溶解氧(DO)是河流水质的重要指标,本研究的重点是加强对溶解氧的长期、多步骤预测。我们介绍了一种新的混合方法,隐藏模式特征提取-统计模式分解(hfe - smd),集成了可解释的集成学习模型,即随机森林(RF)和额外树回归(ETR),包括独立配置和混合配置(hfe -RF和hfe -ETR)。使用1974-2023年密西西比河流域两个地点的每月DO数据对模型进行了训练和评估,预测范围为1、3、9和15个月。混合模型的表现始终优于独立模型。例如,在Site 1的15个月期限内,与独立ETR相比,hfe -ETR模型将平均绝对误差(MAE)降低了98.1%。与基于tvf - emd的模型相比,hfe - smd在9个月的时间内,RF和ETR的平均绝对百分比误差(MAPE)分别降低了10.8%和4.3%。

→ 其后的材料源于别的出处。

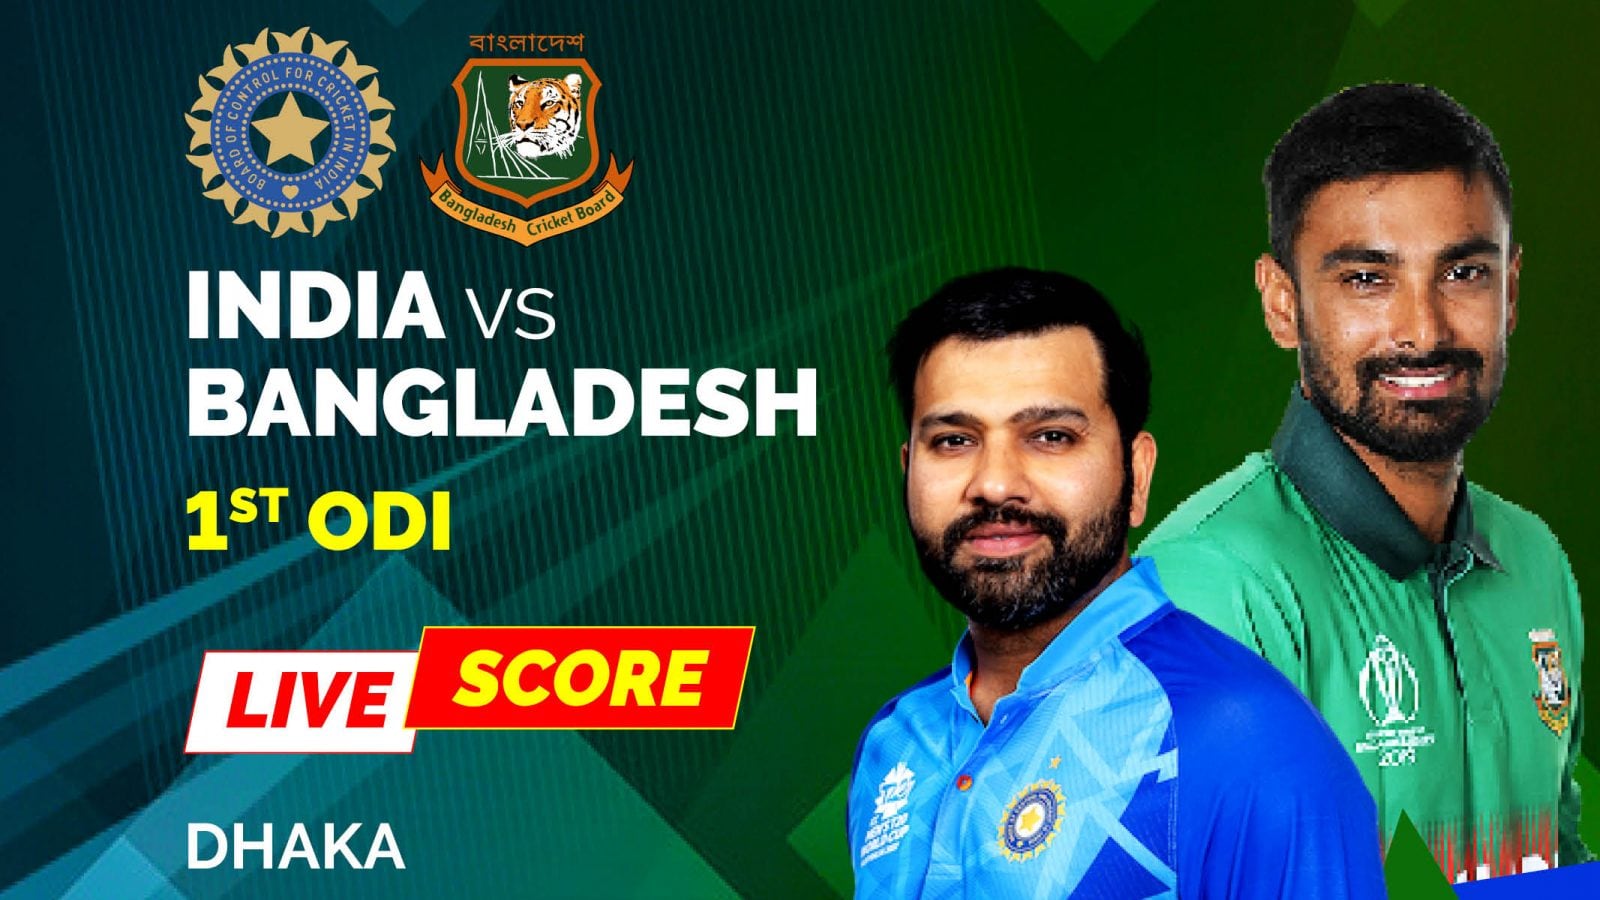 IND vs BAN Highlights 1st ODI Updates Mehidy Hasan Miraz Guides Bangladesh to Memorable 1-wicket Win Over India

总体而言,即使是长期预测,hfe - rf和hfe - etr也取得了较高的预测性能,RMSE值低于0.25 mg/L, R2值超过0.99。SHapley加性解释(SHapley Additive exPlanations)分析表明,振动振幅、能量、偏度、峰度和波峰因子等关键统计特征在模型预测中起主导作用。此外,该方法可以准确预测其他水质参数,包括总氮、pH、总溶解固形物和钠吸附比,具有很强的通用性。这些结果突出了hfe - smd方法相对于传统分解或独立ML模型的附加价值,展示了其集成到先进水质监测和管理系统中的潜力。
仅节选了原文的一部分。